## What this task involves
Only one part of the listing is needed: the lines from the one with "Lamborghini_Aventador_by_Duke_Dynamics_0004" through the last line, copied exactly and free of pictures.

## Data below
==========
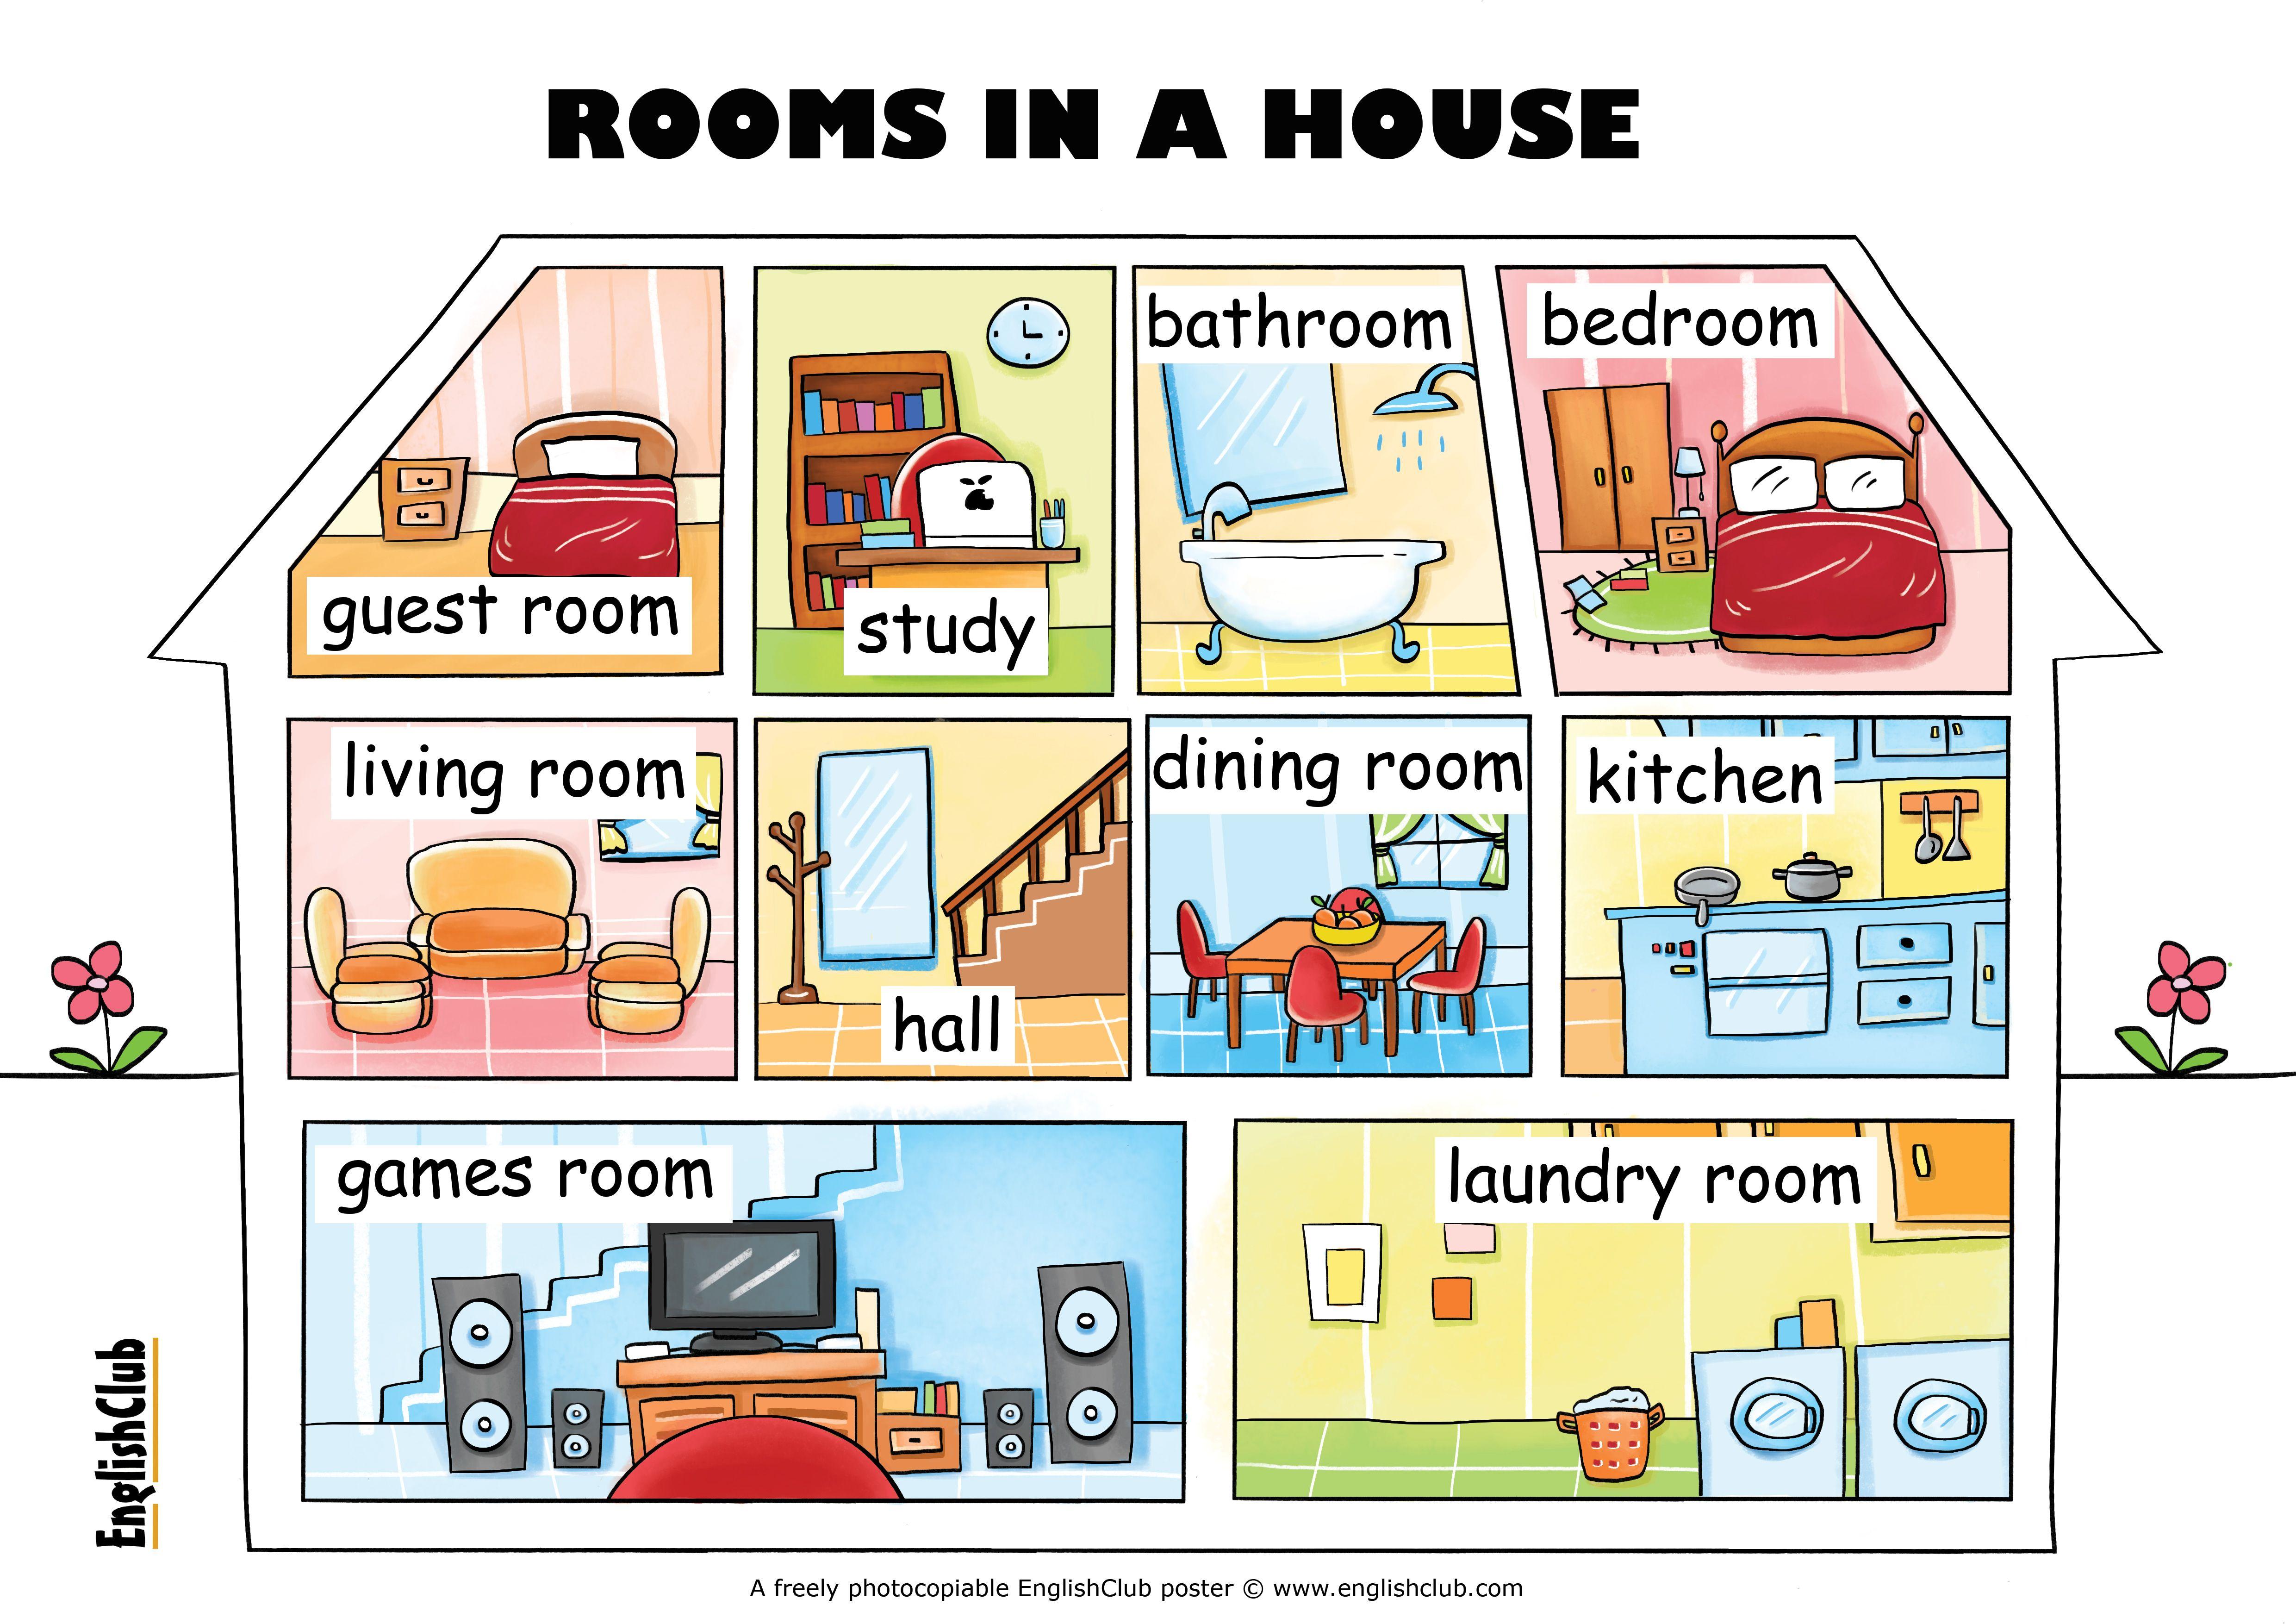 Картинка для описания дома на английском одно
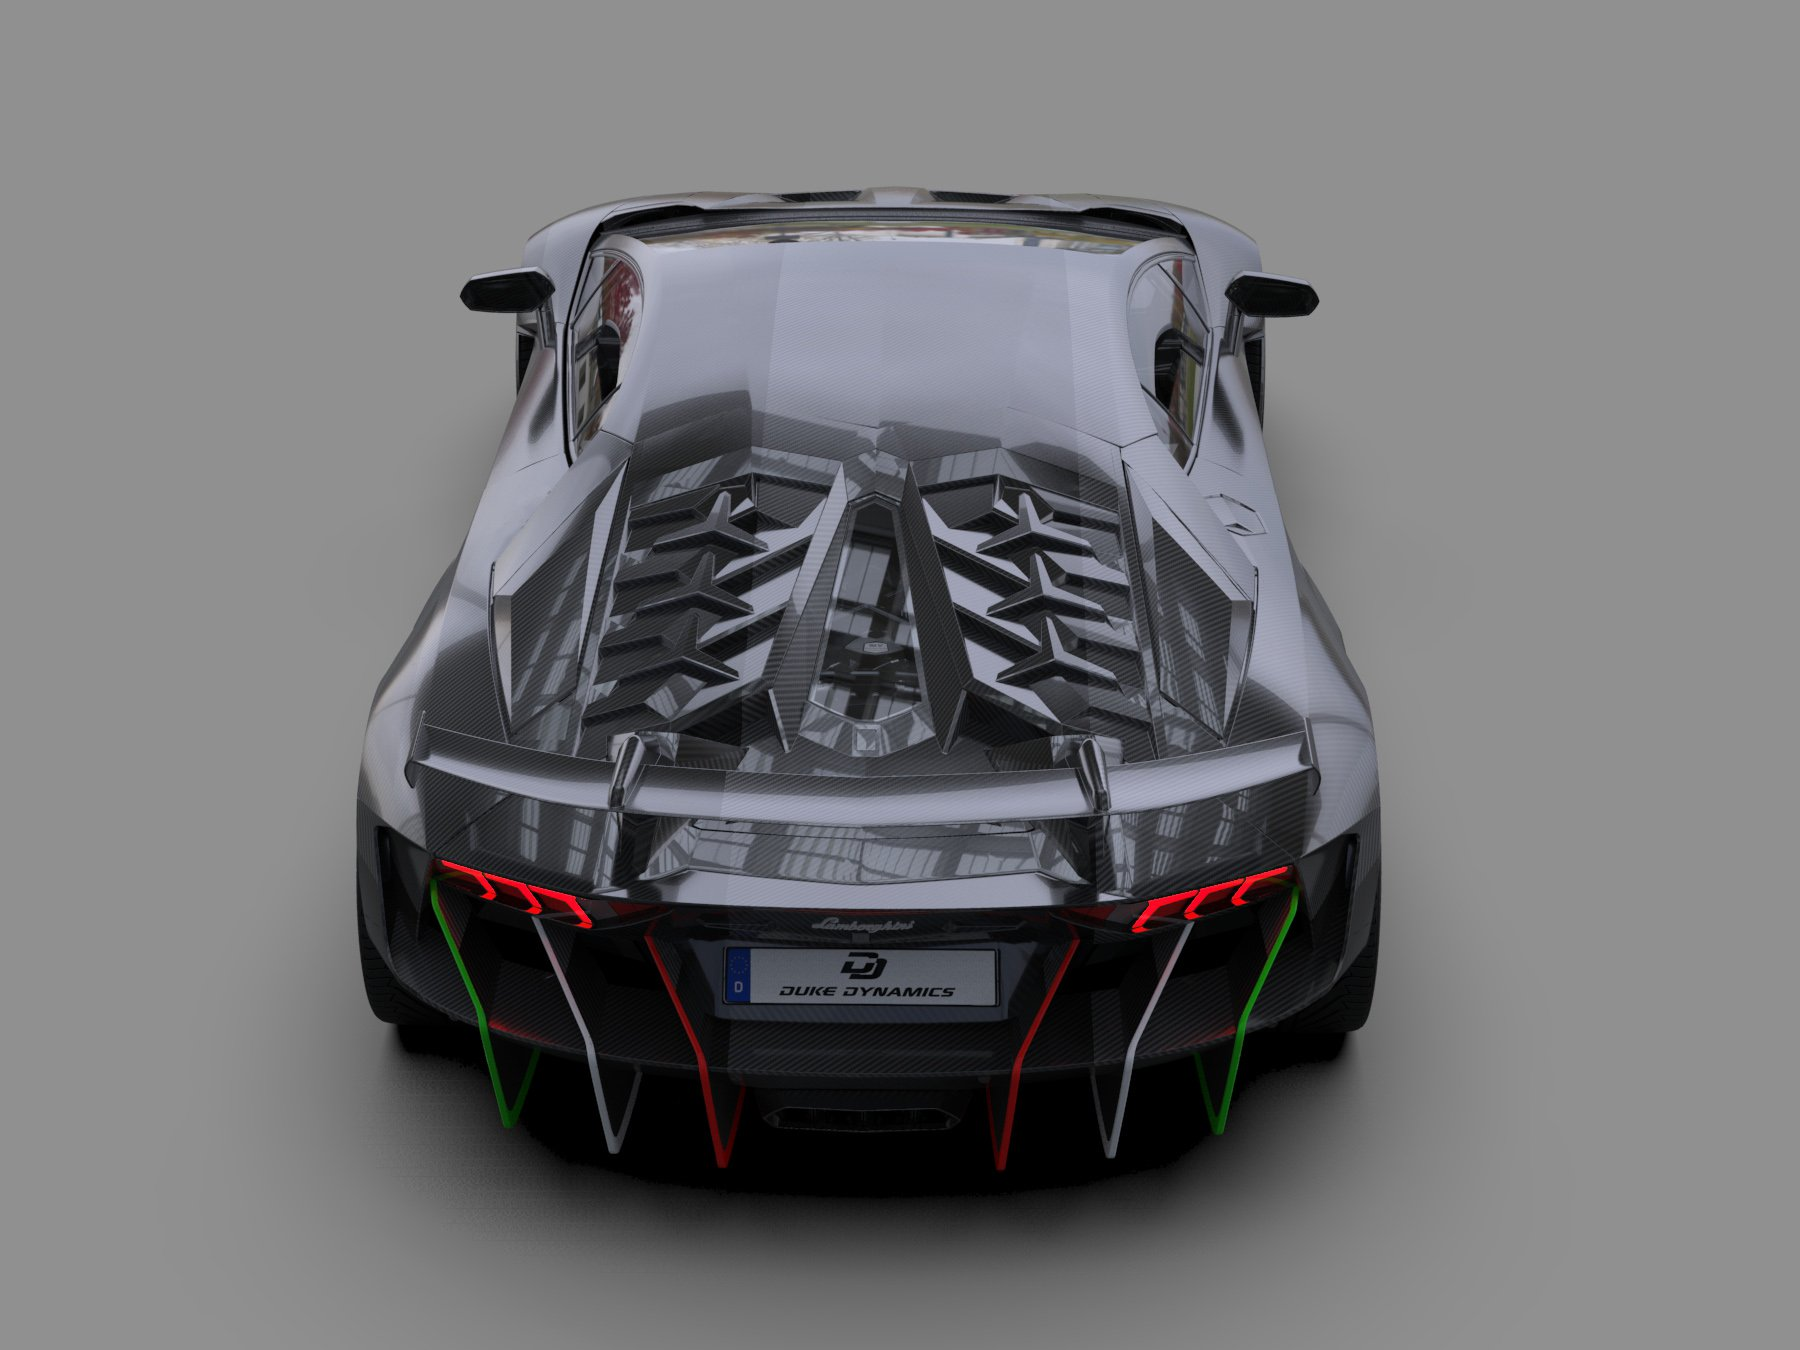 Lamborghini_Aventador_by_Duke_Dynamics_0004
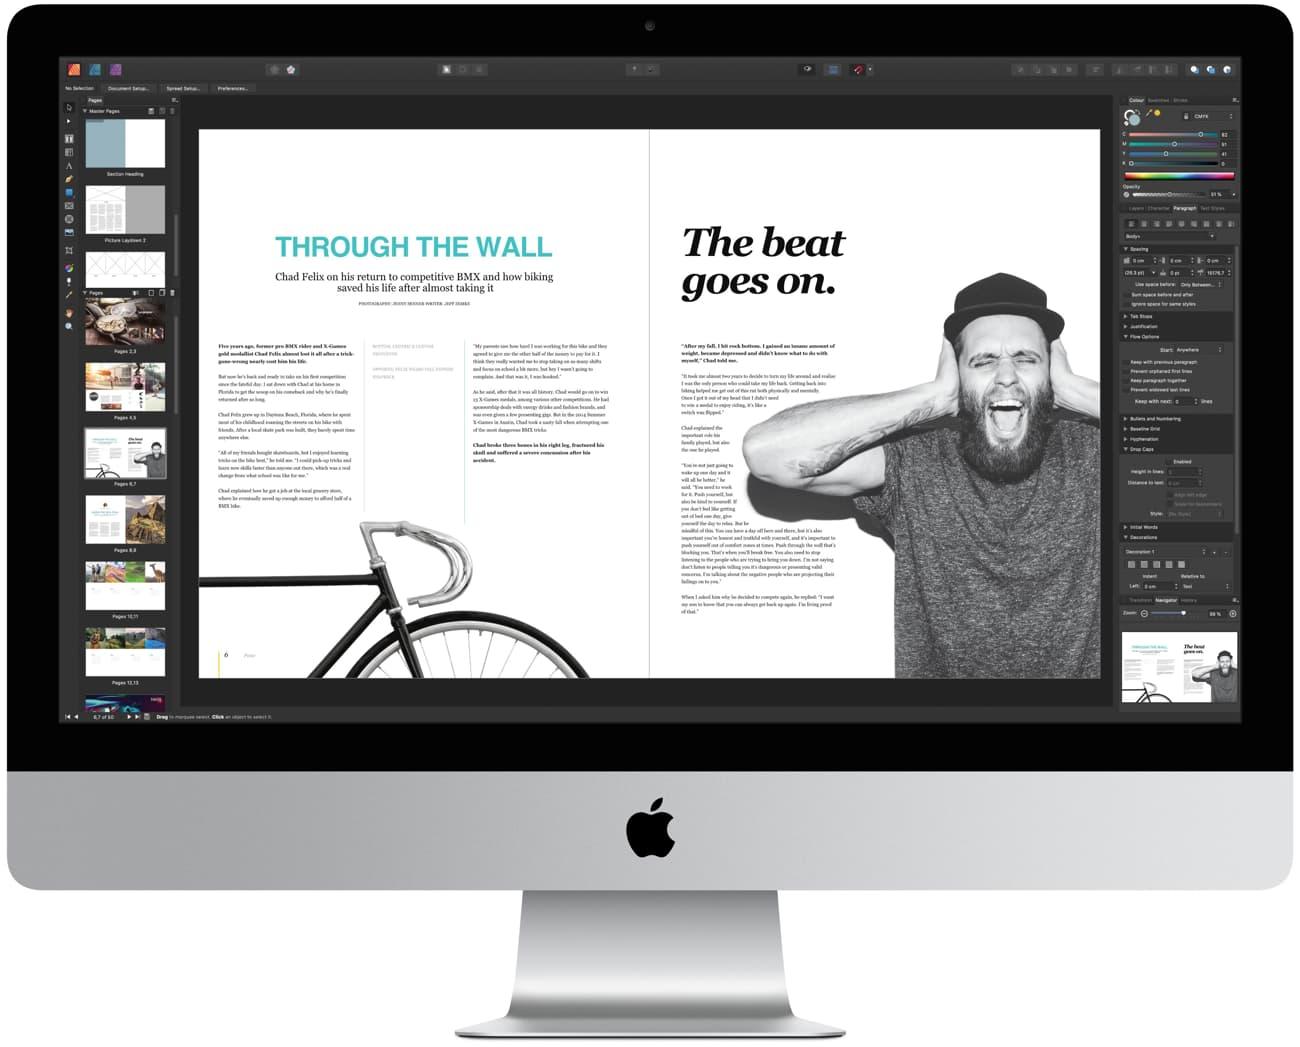 Serif lance AffinityPublisher, doté de l'incroyable nouvelle technologie StudioLink
==========
## Task result
 Lamborghini_Aventador_by_Duke_Dynamics_0004
 Serif lance AffinityPublisher, doté de l'incroyable nouvelle technologie StudioLink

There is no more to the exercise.